• _Supplied data_

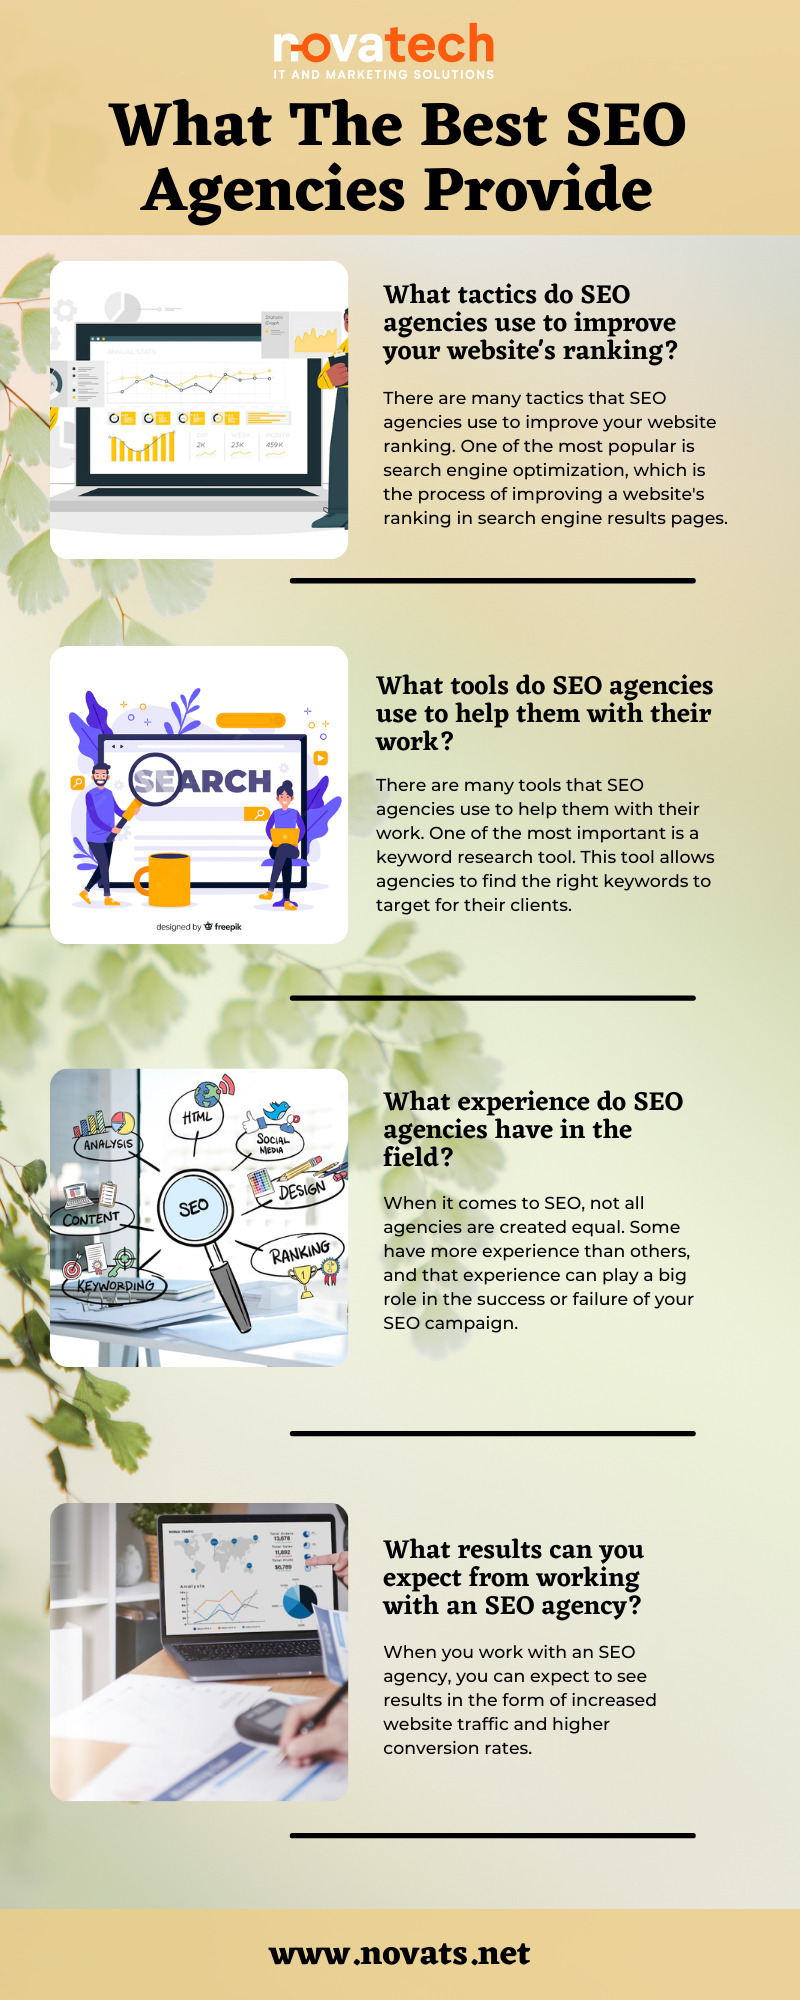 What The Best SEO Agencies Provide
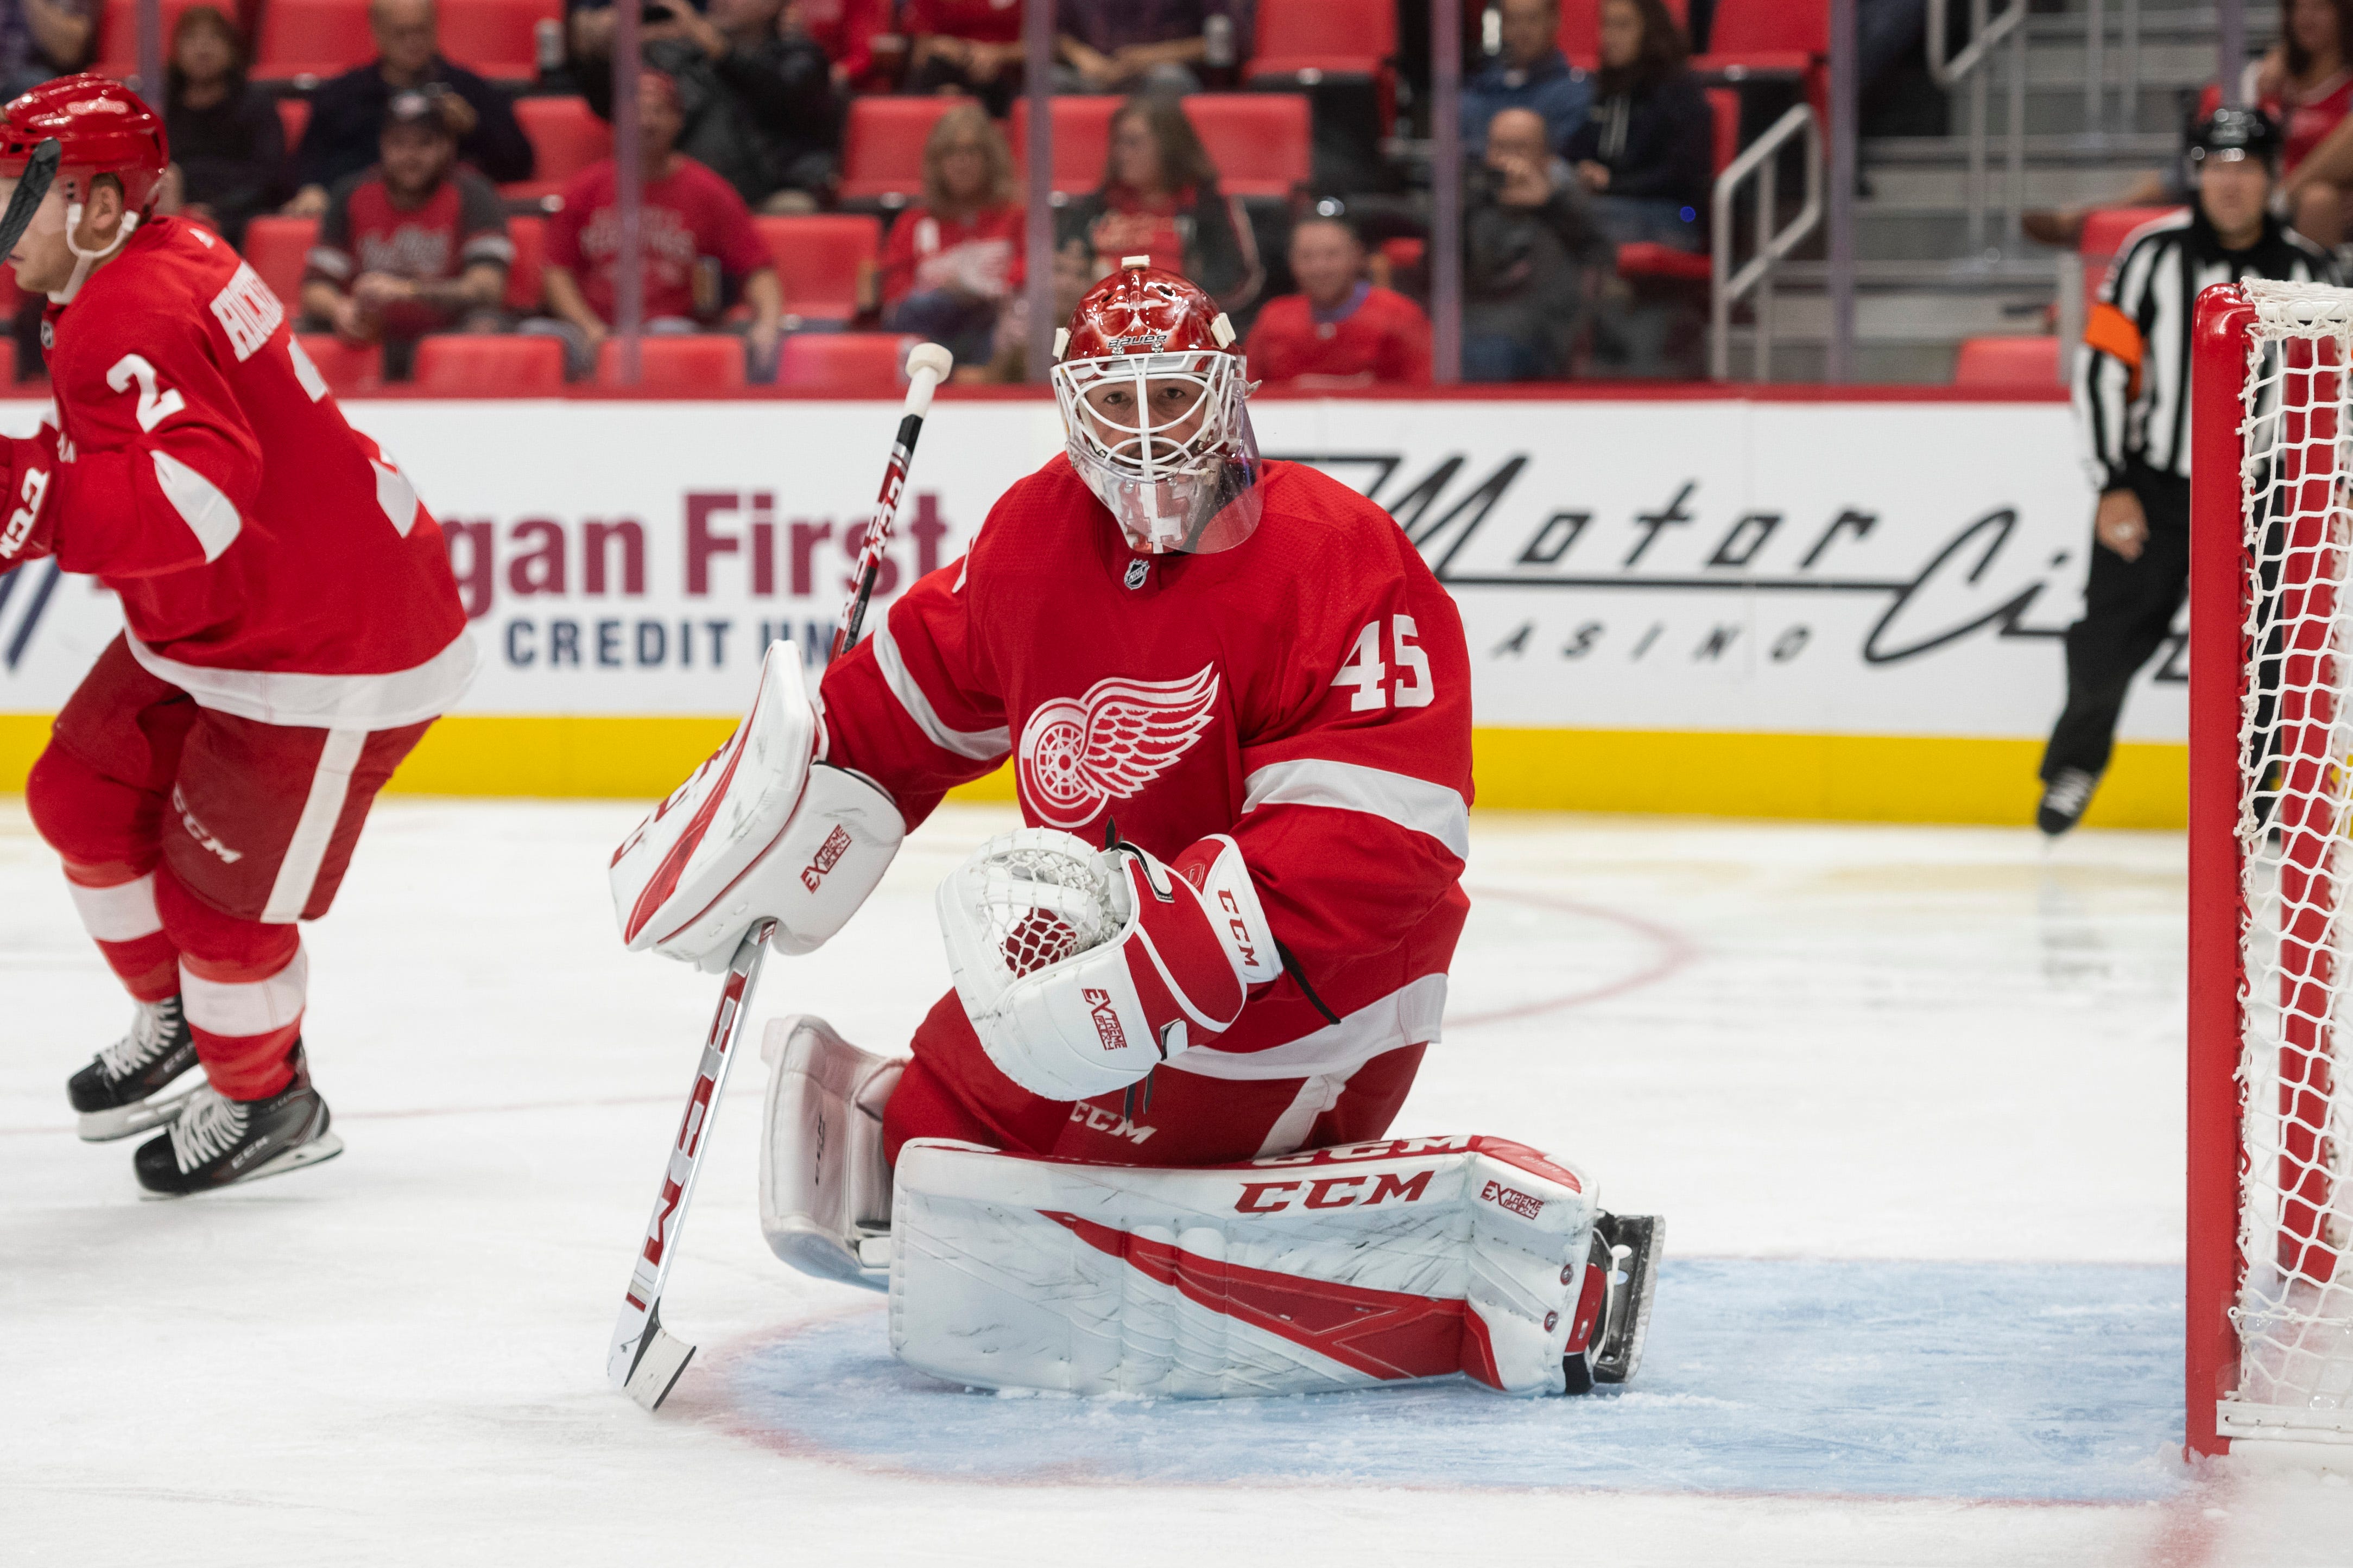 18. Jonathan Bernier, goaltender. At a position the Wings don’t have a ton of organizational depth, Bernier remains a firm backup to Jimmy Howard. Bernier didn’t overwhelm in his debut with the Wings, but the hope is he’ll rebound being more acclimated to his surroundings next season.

* * *

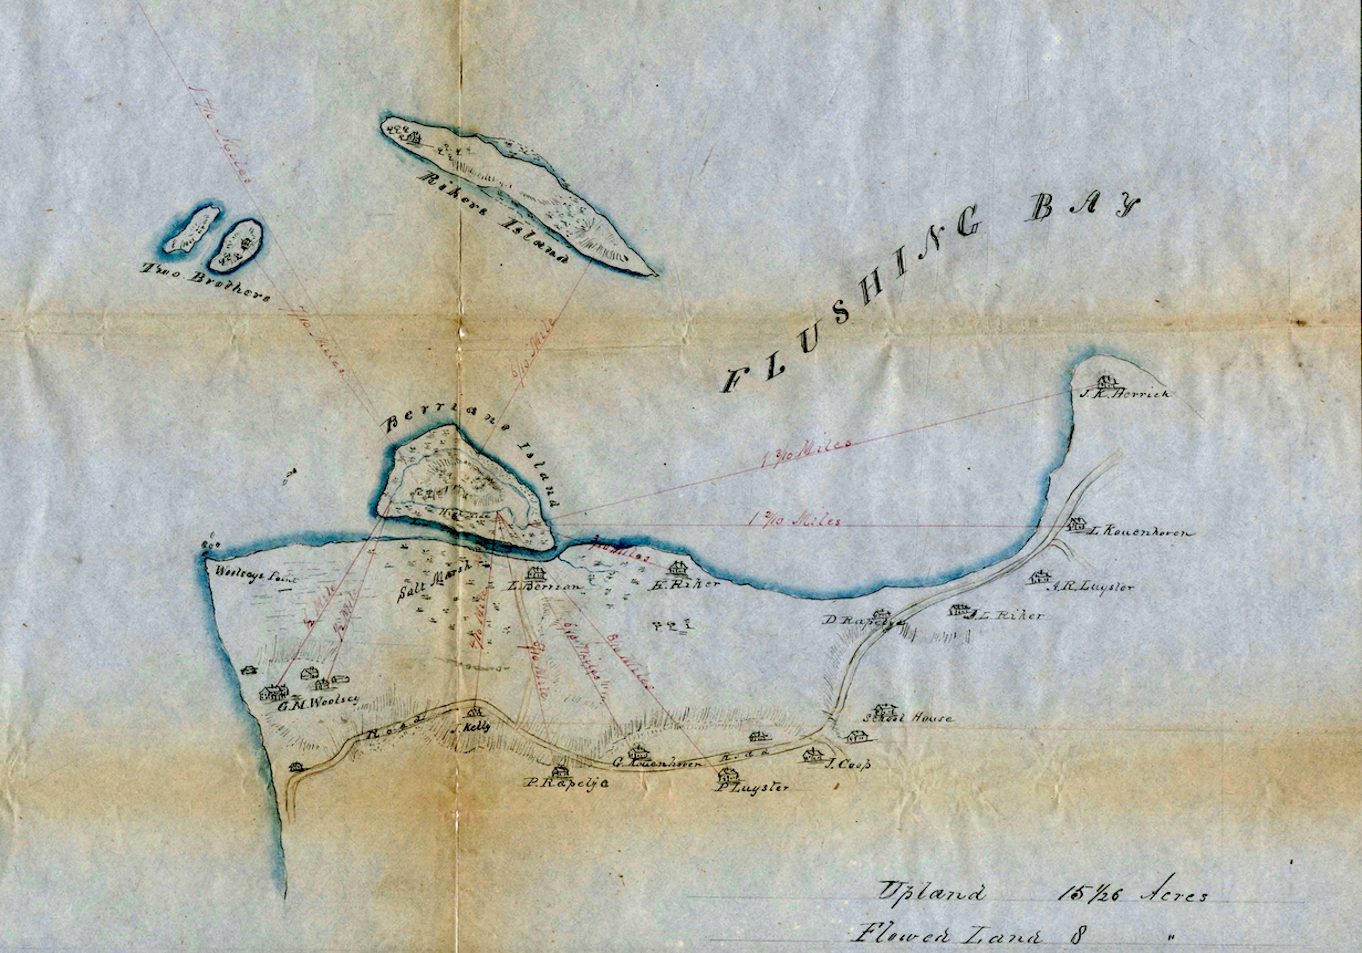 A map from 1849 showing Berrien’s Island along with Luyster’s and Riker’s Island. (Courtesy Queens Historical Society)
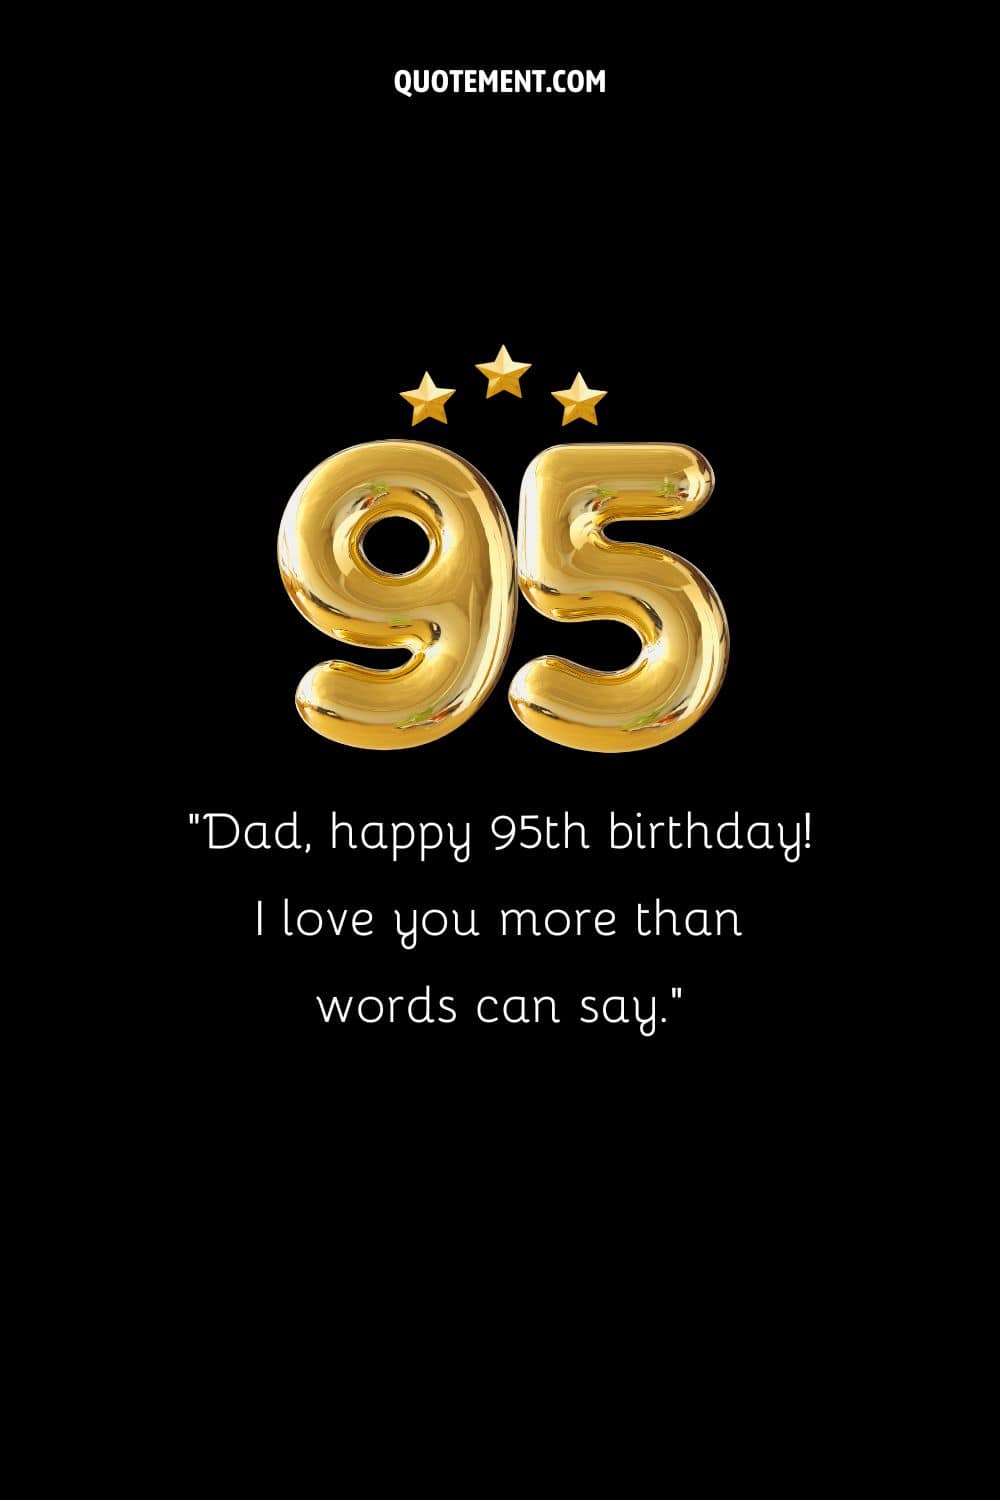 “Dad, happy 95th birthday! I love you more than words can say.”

• _Exercise directions_
Output should consist of the lines above from the one with "A map from 1849" down to the one with "happy 95th birthday!", exact and without pictures.

• _Solution to the exercise_
 A map from 1849 showing Berrien’s Island along with Luyster’s and Riker’s Island. (Courtesy Queens Historical Society)
 “Dad, happy 95th birthday! I love you more than words can say.”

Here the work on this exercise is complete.